Data Extraction and Analysis
Prevalence data were extracted from the full-text articles of eligible studies (Supplementary Table 2). Extracted data were meta-analyzed using MetaXL software, version 5.3 (EpiGear International). The primary outcomes of pooled IgG seroprevalence among the general population and pooled prevalence of laboratory-confirmed recent infections among suspected patients were calculated with their 95% confidence intervals (95% CIs). Because of the expected differences in the study samples, designs, and populations, meta-analyses to determine pooled outcomes were performed using a random-effects model [18]. The proportion of total variation in study estimates attributed to heterogeneity was measured using the I2 statistic [19], where I2 > 50% indicates high heterogeneity. In addition, forest plots were used to show the random effects of pooled outcomes.
Assessment of Risk of Bias
The risk of bias in the selection of cross-sectional studies was assessed using the appraisal checklist of the Joanna Briggs Institute for studies reporting prevalence data [20], with slight modification (Supplementary Table 3). Six criteria were adopted in the appraisal of the quality and assessment of the risk of bias: study design, study population, study setting, sampling method, method(s) of IgG detection, and method(s) of confirming recent infection. Each study was rated for risk of bias by scoring 5 of the above 6 criteria, each with 2 score options (2 or 1). Accordingly, studies for pooling IgG seroprevalence were not assessed against the criterion “Methods of confirming recent infection” and studies for pooling the prevalence of laboratory-confirmed recent infection were not assessed against the criterion “Method(s) of IgG detection.” Only studies scoring high for quality and low for risk of bias (total score ≥ 9) were selected for inclusion in the meta-analysis.
RESULTS
Countries Identified with Human Mobility-Driven Chikungunya with High-Level Evidence
Supplementary Table 1 shows the countries/territories with outbreaks linked to human mobility with high-level evidence by identifying imported index case(s) infected by epidemic genotypes of CHIKV followed by outbreaks or autochthonous transmission of phylogenetically related genotypes. Fourteen countries from 5 WHO regions were identified with outbreaks linked to human mobility with high-level evidence.

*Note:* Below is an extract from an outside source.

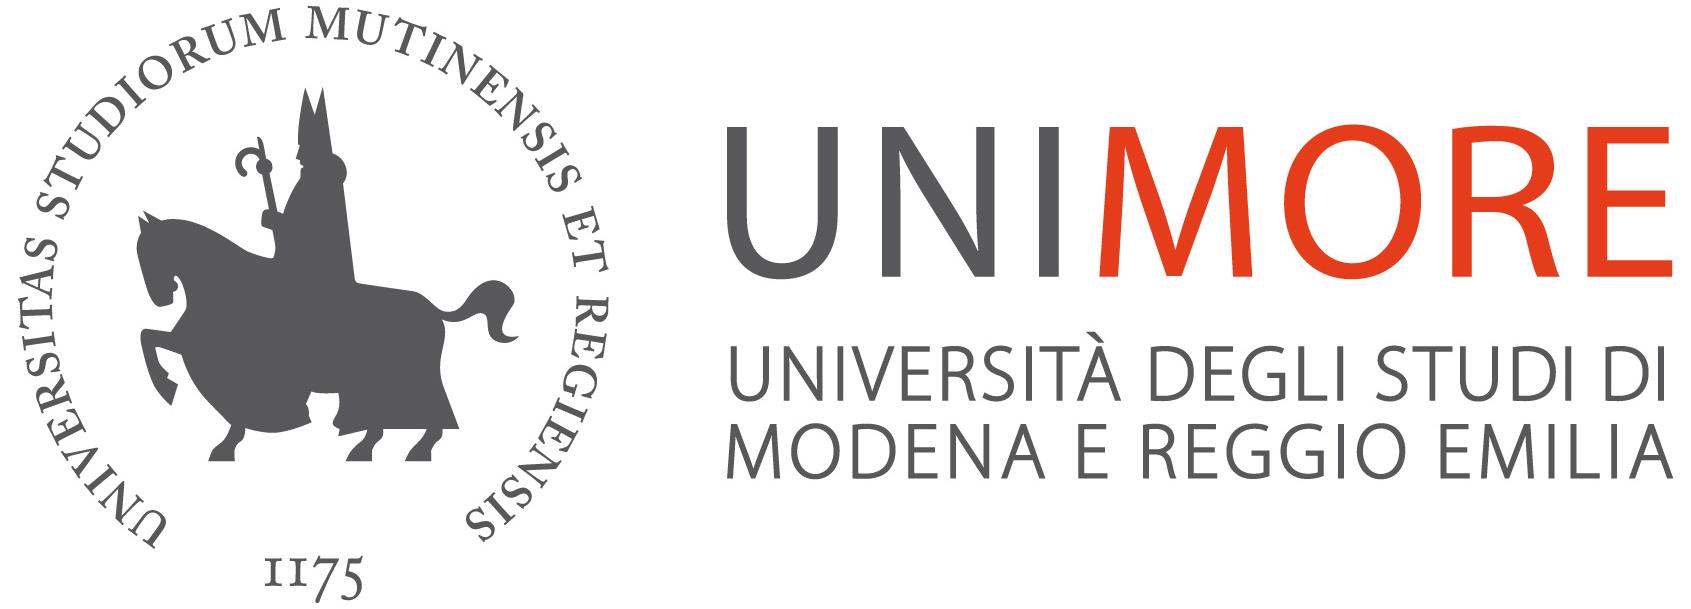 Pallamano Rubiera ambasciatrice del Progetto Unimore Sport Excellence

Characteristics of Studies for Pooling IgG Seroprevalence and Confirmed Cases
Searching using PubMed and Scopus yielded 1867 records (Figure 1). Of these, 16 publications from 8 countries [21–36] (Supplementary Table 2) were included in the meta-analysis of human mobility-driven chikungunya outbreaks. Four studies from La Réunion, Italy, Malaysia, and Brazil were selected for pooling IgG seroprevalence. These studies comprised 3814 individuals sampled from the general population after outbreaks (Table 1 and Figure 2). Twelve studies from Italy, La Réunion, Malaysia, Bhutan, Yemen, Mexico, Panama, and Brazil were selected for pooling the prevalence of laboratory-confirmed recent infections. These studies comprised 15 944 individuals sampled from suspected patients during outbreaks (Table 2 and Figure 3).
Pooled Anti-CHIKV IgG Seroprevalence Following Emerging Chikungunya Outbreaks Linked to Human Mobility With High-Level Evidence (2004–2017)

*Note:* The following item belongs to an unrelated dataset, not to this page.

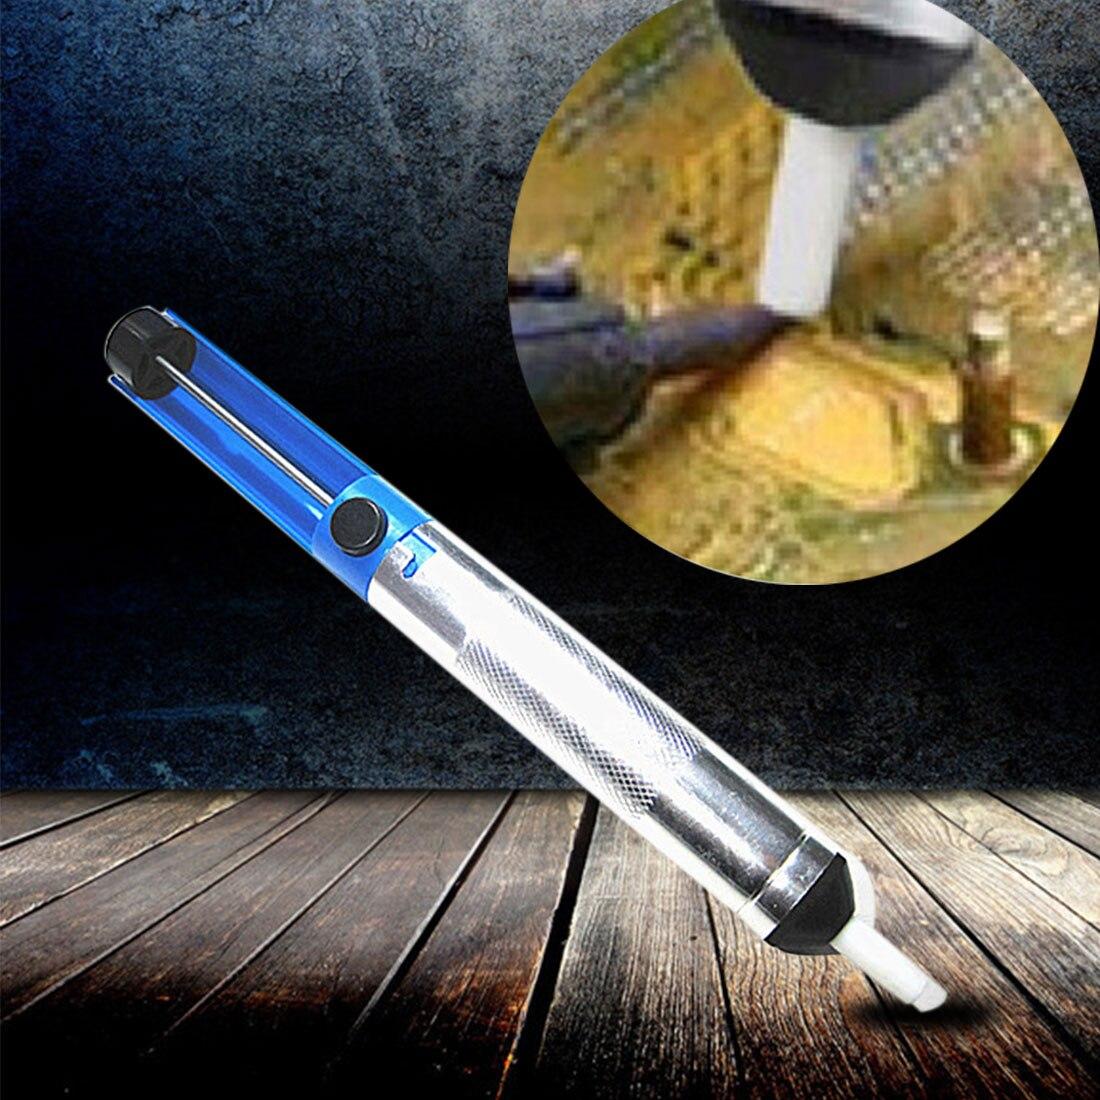 Hot 1pcs Solder Sucker Desoldering Pump Tool Removal Vacuum Soldering Iron Desolder High Quality Solder Remover 10 pcs jfbl hot sale high quality repair part deburred tool 10pcs bs1010 s10 1pcs nb1100 deburring tool blades

First Author (Country or Territory, Year of Publication) . | Total Examined . | Number Infected . | Prevalence, % (95% CI) . | Weight, % . | Ref. . |
---|---|---|---|---|---|
Gérardin (La Réunion, 2008) | 2424 | 967 | 39.9 (38.0–41.9) | 25.2 | [21] |
Moro (Italy, 2010) | 325 | 33 | 10.2 (7.1–13.7) | 25.0 | [22] |
Azami (Malaysia, 2013) | 945 | 56 | 5.9 (4.5–7.5) | 25.2 | [23] |
Cunha (Brazil, 2017) | 120 | 22 | 18.3 (11.9–25.8) | 24.6 | [24] |
Total (random effects) | 3814 | 1078 | 14.8 (.3–40.0) | 100.0 |
First Author (Country or Territory, Year of Publication) . | Total Examined . | Number Infected . | Prevalence, % (95% CI) . | Weight, % . | Ref. . |
---|---|---|---|---|---|
Gérardin (La Réunion, 2008) | 2424 | 967 | 39.9 (38.0–41.9) | 25.2 | [21] |
Moro (Italy, 2010) | 325 | 33 | 10.2 (7.1–13.7) | 25.0 | [22] |
Azami (Malaysia, 2013) | 945 | 56 | 5.9 (4.5–7.5) | 25.2 | [23] |
Cunha (Brazil, 2017) | 120 | 22 | 18.3 (11.9–25.8) | 24.6 | [24] |
Total (random effects) | 3814 | 1078 | 14.8 (.3–40.0) | 100.0 |
Abbreviations: CHIKV, chikungunya virus; CI, confidence interval.
Pooled Anti-CHIKV IgG Seroprevalence Following Emerging Chikungunya Outbreaks Linked to Human Mobility With High-Level Evidence (2004–2017)
First Author (Country or Territory, Year of Publication) . | Total Examined . | Number Infected . | Prevalence, % (95% CI) . | Weight, % . | Ref. . |
---|---|---|---|---|---|
Gérardin (La Réunion, 2008) | 2424 | 967 | 39.9 (38.0–41.9) | 25.2 | [21] |
Moro (Italy, 2010) | 325 | 33 | 10.2 (7.1–13.7) | 25.0 | [22] |
Azami (Malaysia, 2013) | 945 | 56 | 5.9 (4.5–7.5) | 25.2 | [23] |
Cunha (Brazil, 2017) | 120 | 22 | 18.3 (11.9–25.8) | 24.6 | [24] |
Total (random effects) | 3814 | 1078 | 14.8 (.3–40.0) | 100.0 |
First Author (Country or Territory, Year of Publication) . | Total Examined . | Number Infected . | Prevalence, % (95% CI) . | Weight, % . | Ref. . |
---|---|---|---|---|---|
Gérardin (La Réunion, 2008) | 2424 | 967 | 39.9 (38.0–41.9) | 25.2 | [21] |
Moro (Italy, 2010) | 325 | 33 | 10.2 (7.1–13.7) | 25.0 | [22] |
Azami (Malaysia, 2013) | 945 | 56 | 5.9 (4.5–7.5) | 25.2 | [23] |
Cunha (Brazil, 2017) | 120 | 22 | 18.3 (11.9–25.8) | 24.6 | [24] |
Total (random effects) | 3814 | 1078 | 14.8 (.3–40.0) | 100.0 |
Abbreviations: CHIKV, chikungunya virus; CI, confidence interval.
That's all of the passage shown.